A divided Europe is groping for a coherent response to the crisis, with policy and practice gyrating wildly from day to day, country to country. The scale of the crisis has led some countries previously reluctant to accept refugees to soften their stance, particularly more prosperous ones.

In St. Peter’s Square, the pope told a Sunday gathering that it was not enough to merely sympathize with those brought to Europe’s shores by convulsions of war and hardship.

“May every parish, every religious community, every monastery, every sanctuary of Europe, take in one family,” the pope said, according to Vatican Radio. He added that the Vatican would take in two families.

“The Gospel calls us to be close to the smallest, and to those who have been abandoned,” the pontiff said.

Over the weekend, more than 13,000 people made their way into Germany via its border with Austria, the biggest share of them from war-racked Syria, but with large contingents of Afghans and Eritreans as well.

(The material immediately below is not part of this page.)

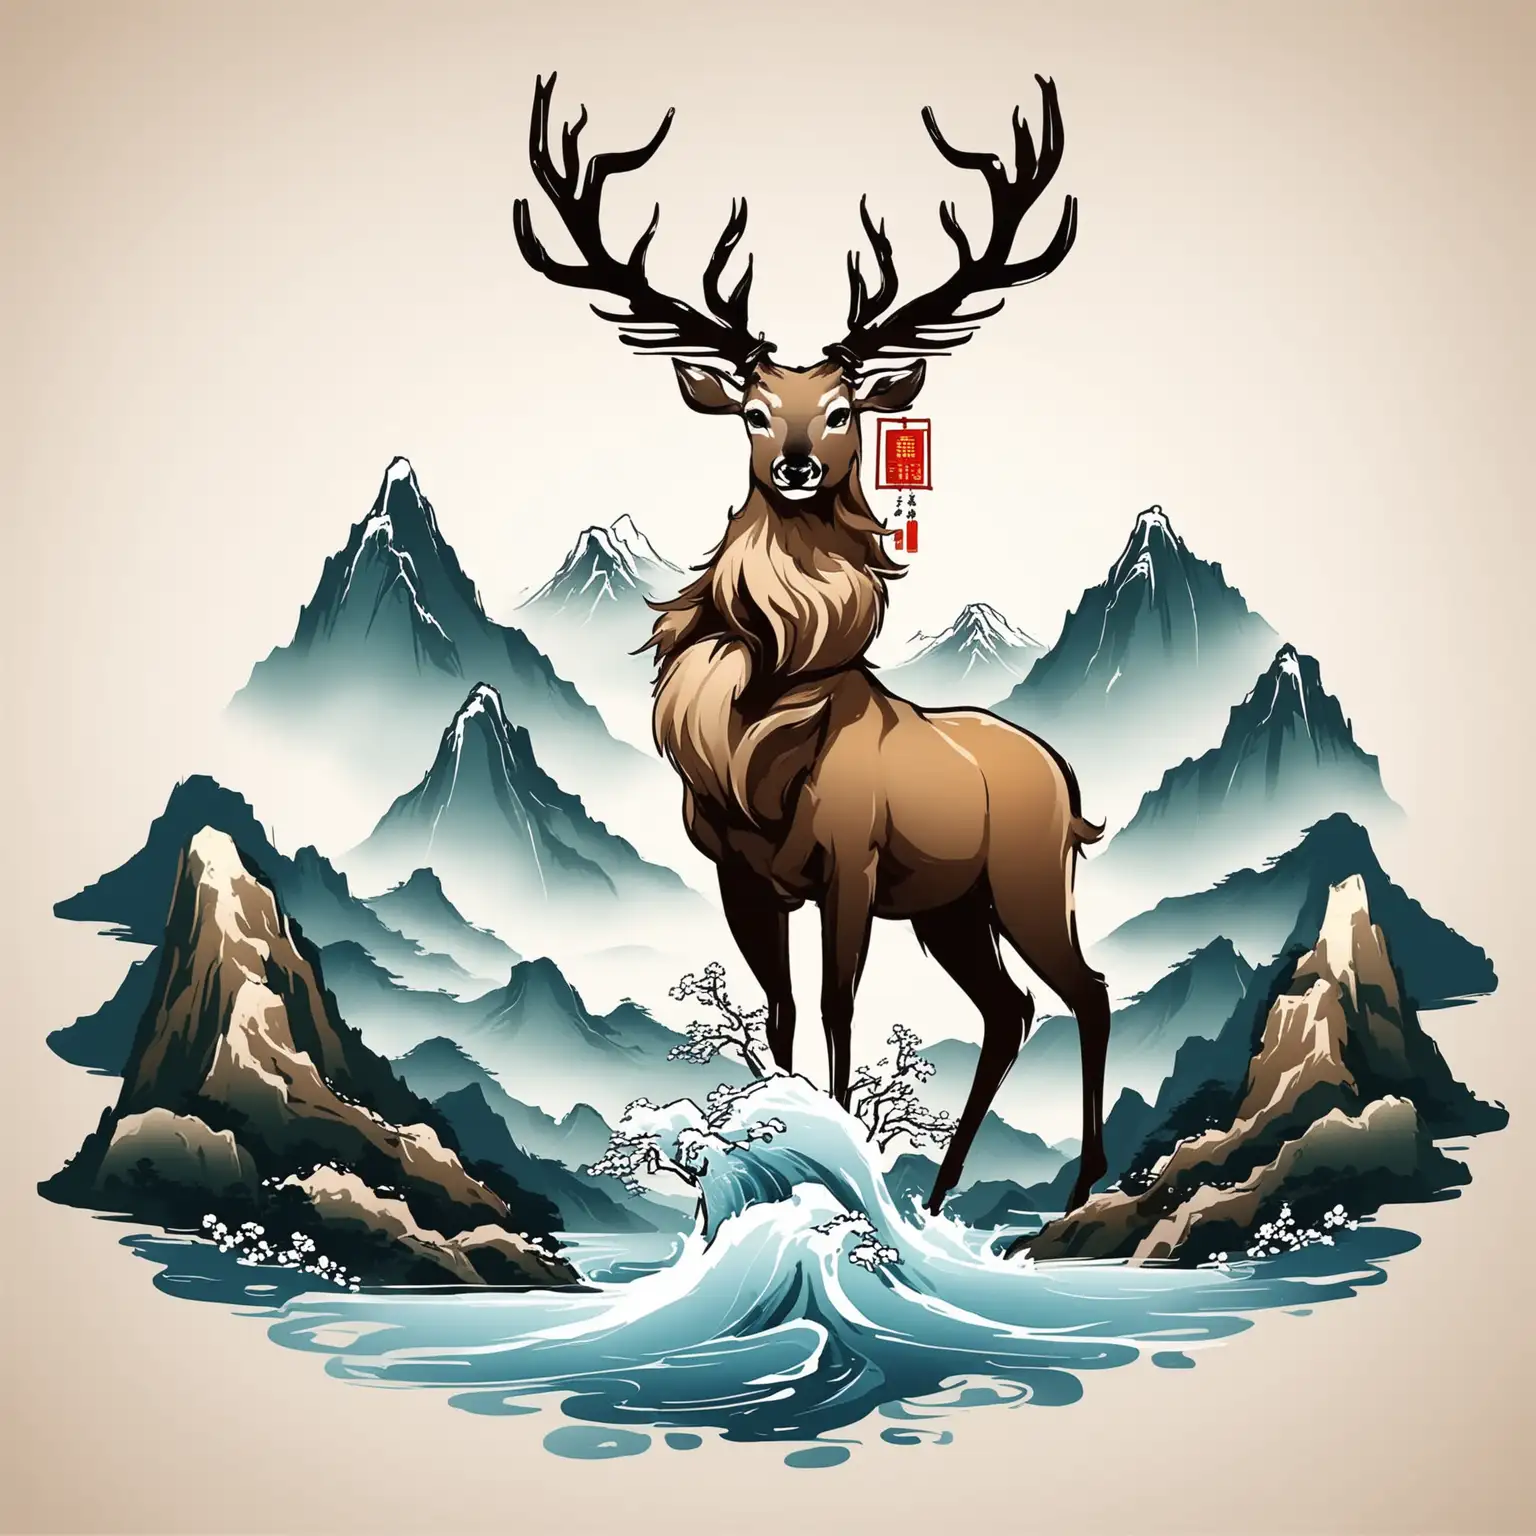 Tranquil-Chinese-Mountain-and-Water-Style-Deer-Head-Illustration

And at the southern end of the migrant trail, refugees continued to arrive en masse in Greece, having made the short but dangerous sea voyage from Turkey. The crush has overwhelmed tiny Greek tourist islands, with clashes breaking out Sunday between migrants and police on the island of Lesbos.

From there, migrants typically head north through Macedonia to Hungary, which had taken one of the hardest stands against allowing entry. However, in recent days it has relaxed its policies for those who want to pass through the country, and organized a caravan of more than 100 buses Saturday to take migrants to the Austrian frontier.

Hungary said the bus service was a one-time measure to keep refugees on foot from clogging the roadways and posing a safety hazard. By Sunday, more new arrivals had flooded into the capital, Budapest, and tensions were again rising along with the numbers.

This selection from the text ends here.